Task details
Print exactly the lines that run from the opening line of the material through the line with "How To Get A", and nothing else, leaving out pictures.

Data segment

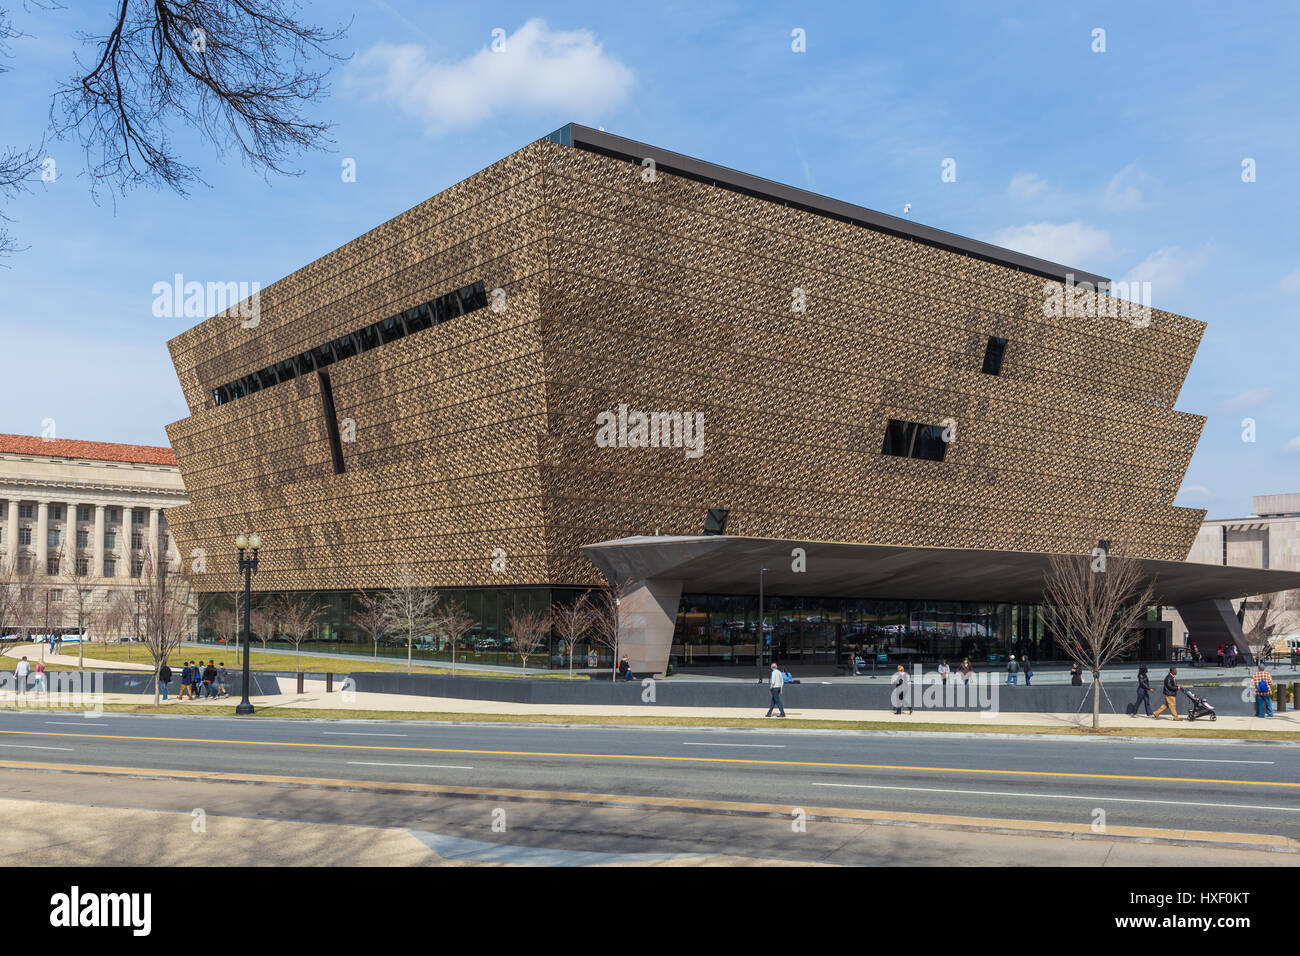 Le Smithsonian National Museum of African American History and Culture (NMAAHC) à Washington, DC. Banque D'Images
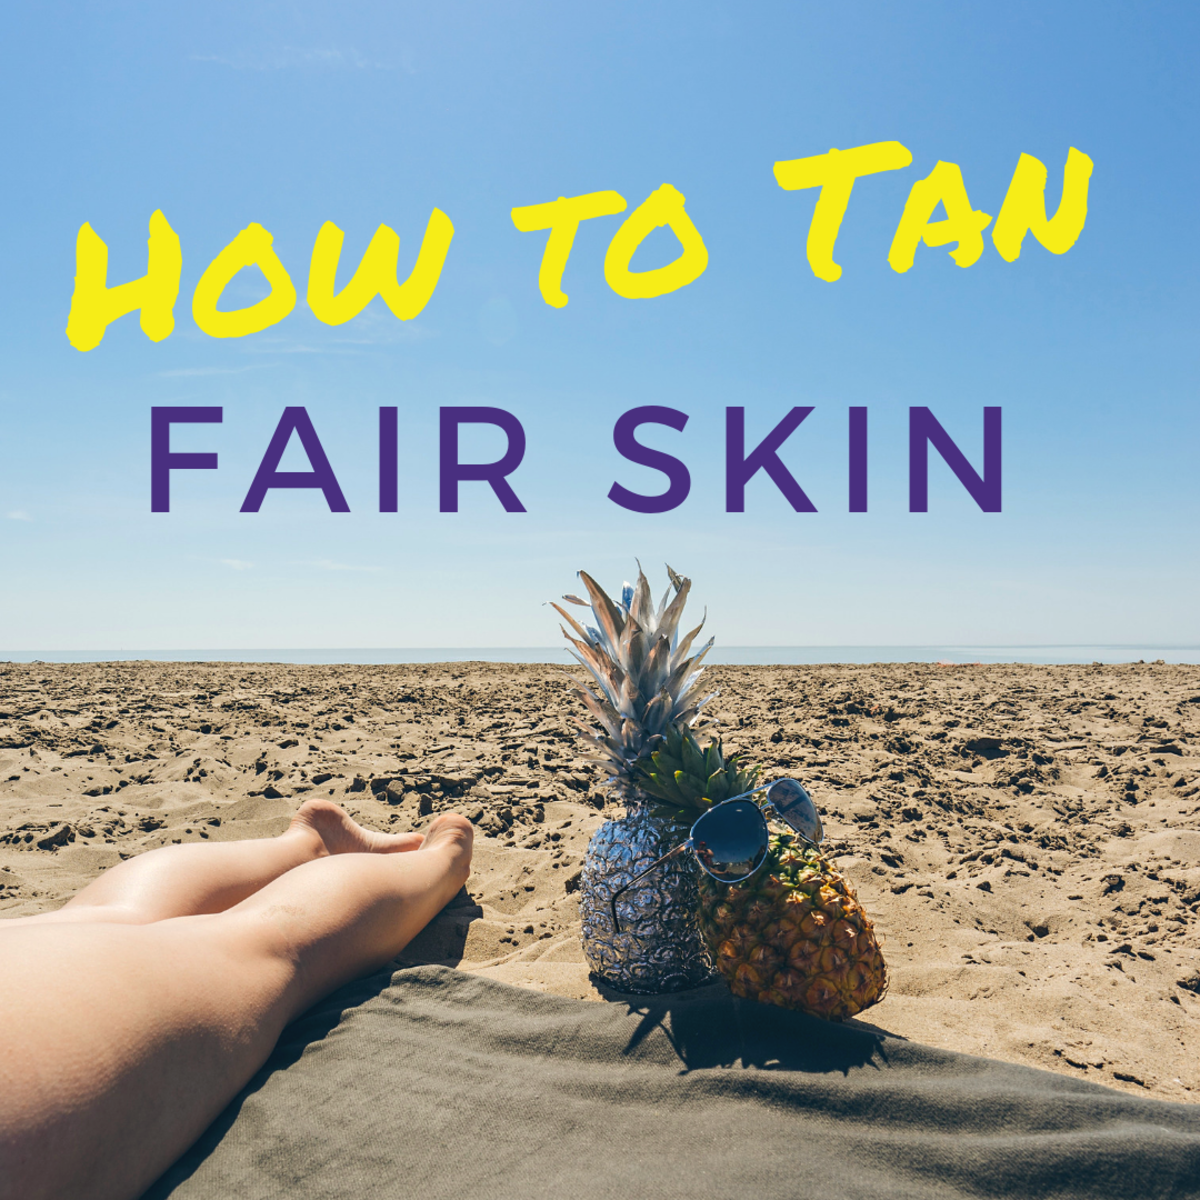 How To Get A Real Tan If You're Fair, Pale, or Just Can't Tan! - Carrot Sun®  Tan Accelerators
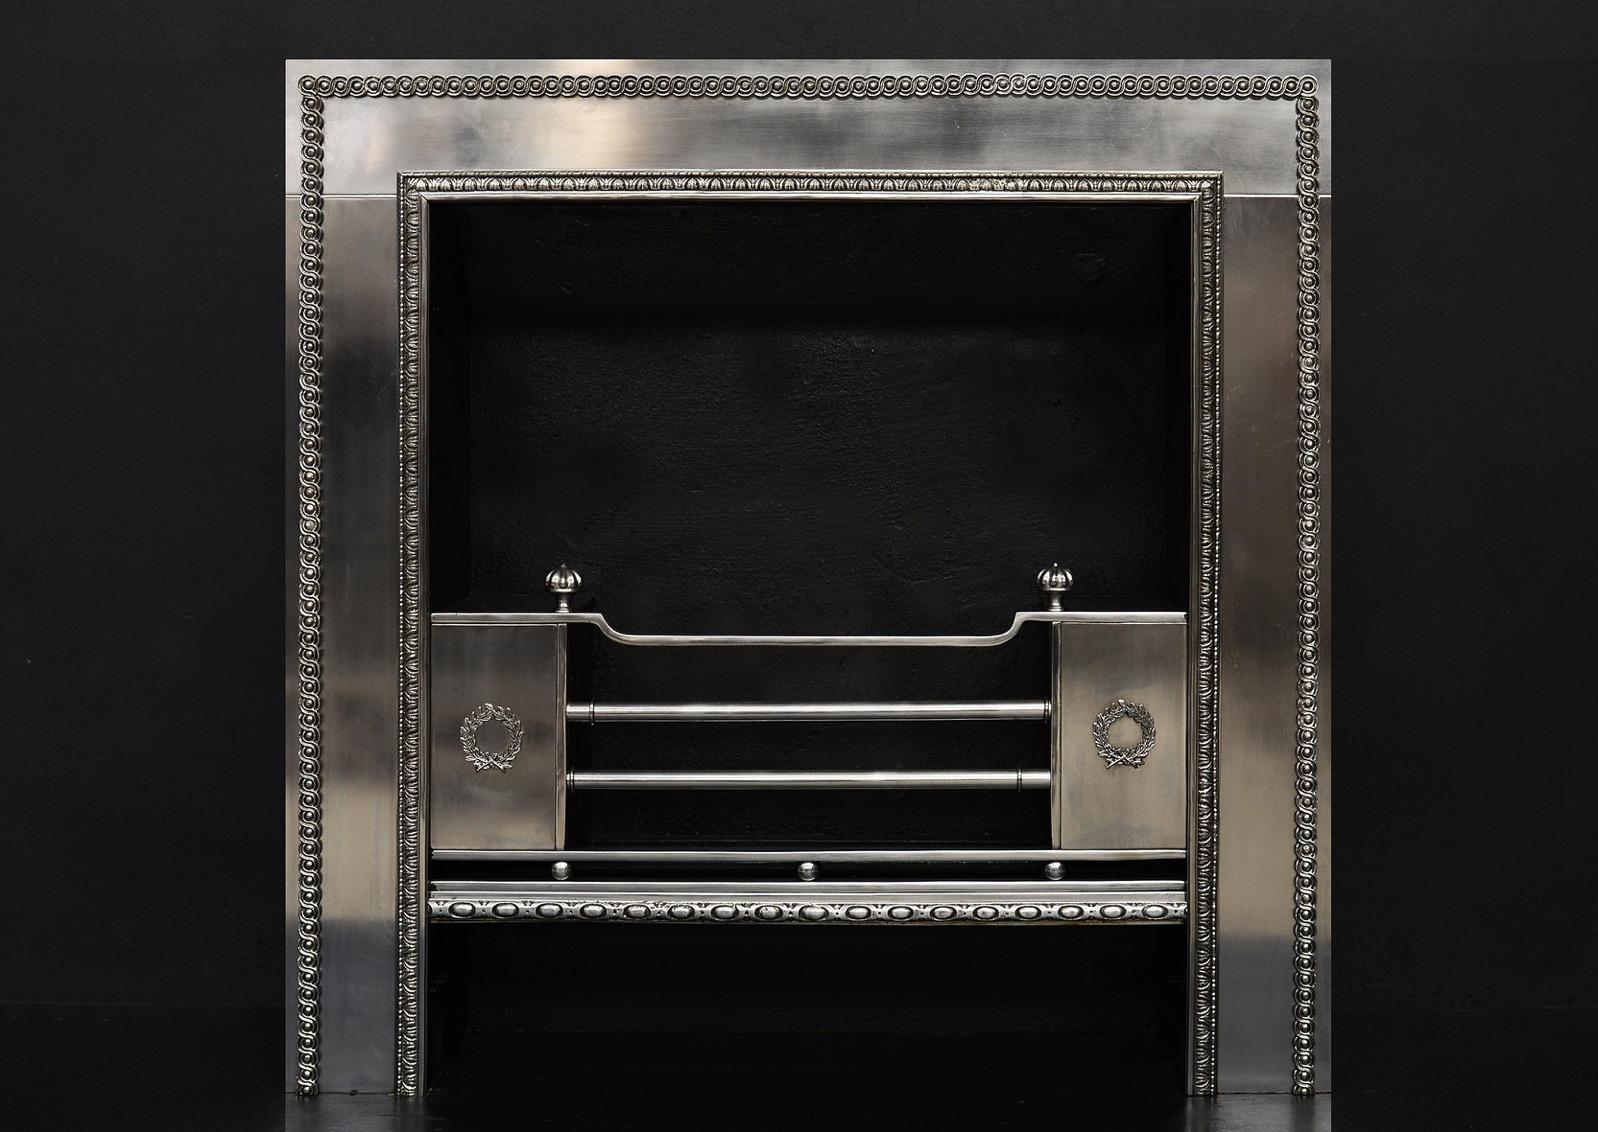 An elegant Regency style steel register grate with enrichments. Cast guilloche steel moulding to outer rim, and engraved leaf and pearl inner moulding. Laurel pattern to hob fronts. Modern.

Measures: Width at front: 1025 mm 40

Output for this exercise
 Le Smithsonian National Museum of African American History and Culture (NMAAHC) à Washington, DC. Banque D'Images
 How To Get A Real Tan If You're Fair, Pale, or Just Can't Tan! - Carrot Sun®  Tan Accelerators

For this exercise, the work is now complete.